COVID-19 vaccine card and masks

It’s been more than a year since the COVID-19 pandemic began. It has been filled with canceled travel and weddings replaced with drive-by birthdays, baby showers and to-go meals. This pandemic affected us all with employers switching to remote work and children participating in virtual learning. It seems everyone’s routines were interrupted.  

In late 2020, COVID-19 vaccines were rolled out and now, as more people are adding newly laminated COVID-19 vaccine cards to their wallets, they wonder if it is safe to resume everyday activities like grabbing brunch with friends. Recently, the CDC issued new guidance for those fully vaccinated, meaning two weeks past their final vaccination.

Tryon Medical Partners wants people who are fully vaccinated to follow these seven recommendations for safe socializing and remember the world is still trying to understand the true efficacy of these vaccines.

1. Continue to Take Precautions in Certain Settings

New CDC guidelines say that vaccinated individuals can resume activities they did prior to the pandemic without wearing a mask or staying six feet apart. “Vaccinated” refers to those who are two full weeks past their final COVID-19 vaccine dose if your vaccine is in a two-dose series like Moderna or Pfizer or two weeks past your one-dose vaccine, like Johnson & Johnson. 

Remember, there are some settings where taking precautions is still important. Masking is required in healthcare setting, like Tryon offices, and for public transit like on buses and planes. Workplaces and businesses will have their own policies to follow, as well. For many individuals, masking in any high-traffic or crowded areas may still feel safer and that’s ok.

2. Visit With Other Vaccinated Friends and Family

We’ve been cooped up for more than a year and itching to get out.

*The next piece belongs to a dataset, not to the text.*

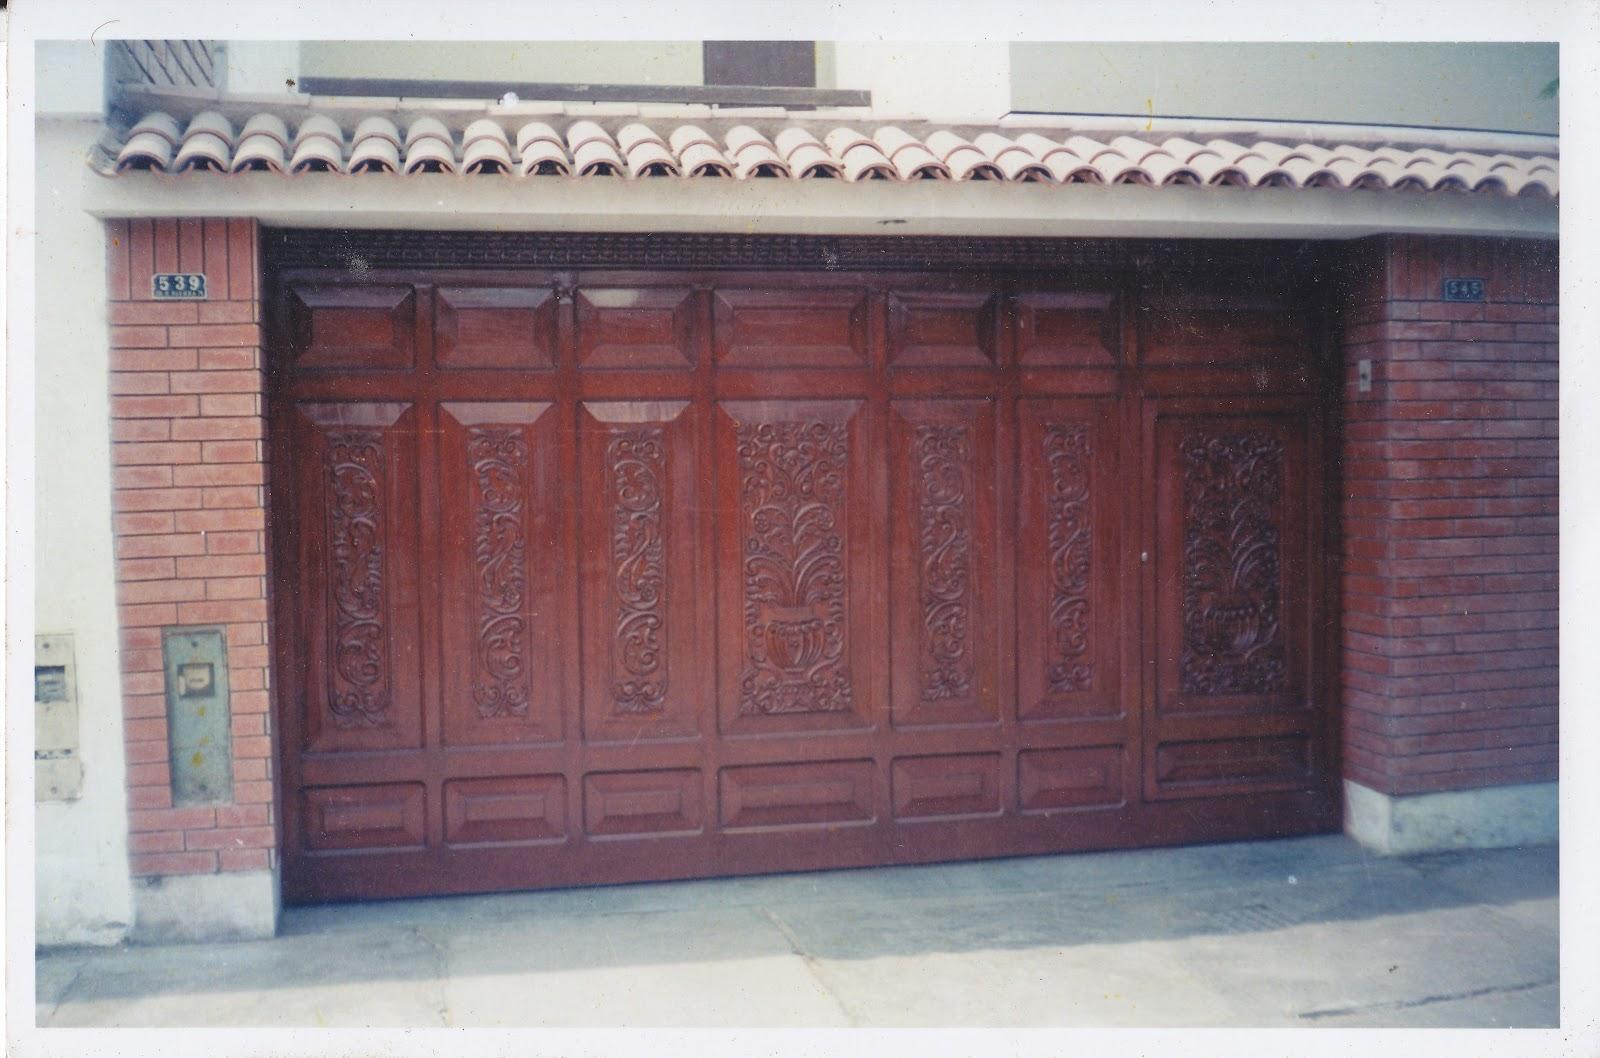 Puertas garaje o cochera fabrica de puertas blindadas auto design tech - Puertas de cochera ...

It was great to hear the CDC say that fully vaccinated people can safely gather indoors. If your circle of friends is sporting their vaccination cards, go ahead and schedule that wine night or dinner with friends. This means grandparents who are fully vaccinated can safely see their unvaccinated grandchildren without having to wear a mask.

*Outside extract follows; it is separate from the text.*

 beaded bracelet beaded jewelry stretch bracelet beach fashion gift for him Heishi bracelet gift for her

It is important to consider that we are still learning how well the COVID-19 vaccine protects those with weakened immune systems.

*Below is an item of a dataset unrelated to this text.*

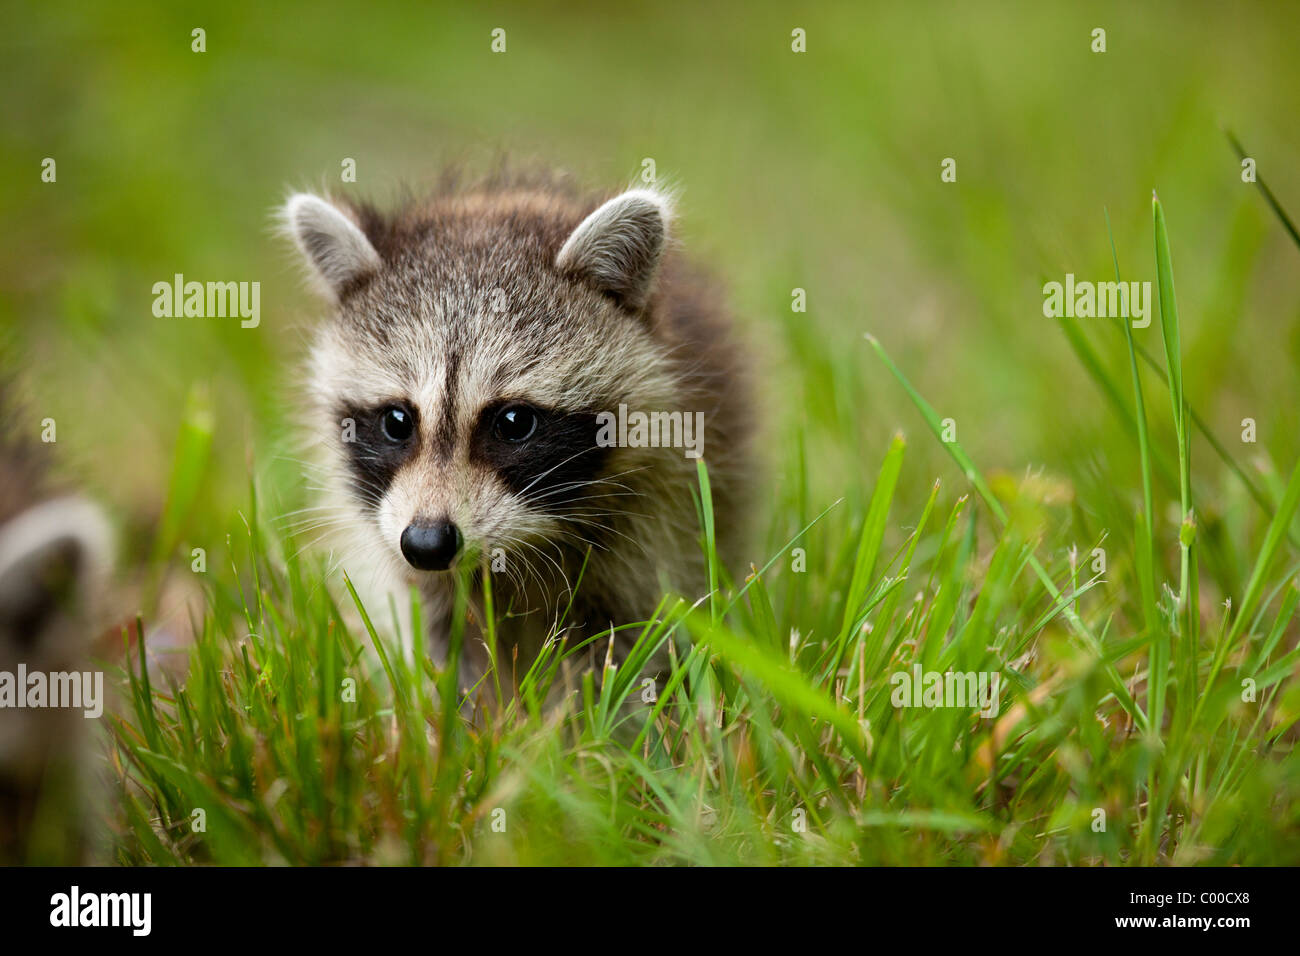 USA, Maryland, Assateague Island National Seashore, jeune raton laveur (Procyon lotor) marcher dans l'herbe Photo Stock

3. Stick to Outdoor Dining, Happy Hours and Entertainment

While people may have a vaccination card,  there are still precautions that make your dining and entertainment experiences safer:

  • Eat and choose entertainment options that are outdoors when available.
  • Keep your group small.
  • Ensure tables are well spaced.

4. Follow Travel Guidelines

According to the CDC, fully vaccinated people are permitted to travel, but they should follow local guidance and the CDC’s requirements and recommendations.

For vaccinated people traveling within the United States, it is no need to get tested or self-quarintine before or after travel. For those traveling internationally, pay attention to the requirements at your destination. You’ll also need to show a negative test result or documentation before boarding a flight back to the U.S. and get tested 3-5 days after returning.

5. Monitor Symptoms if Exposed to COVID

It’s worth noting that fully vaccinated people don’t have to quarantine after being exposed to COVID-19 unless they start experiencing symptoms. If symptoms appear, they should get tested and stay home and away from others for the recommended 14-day time frame.

While being fully vaccinated opens a few social doors, we can’t let our guards down just yet. Researchers are still studying how long protection from the vaccines lasts, which will determine how often we could need booster shots. The virus could continue to mutate so that new versions of the vaccine could be needed in the future regularly, like the influenza vaccines. But researchers don’t know yet.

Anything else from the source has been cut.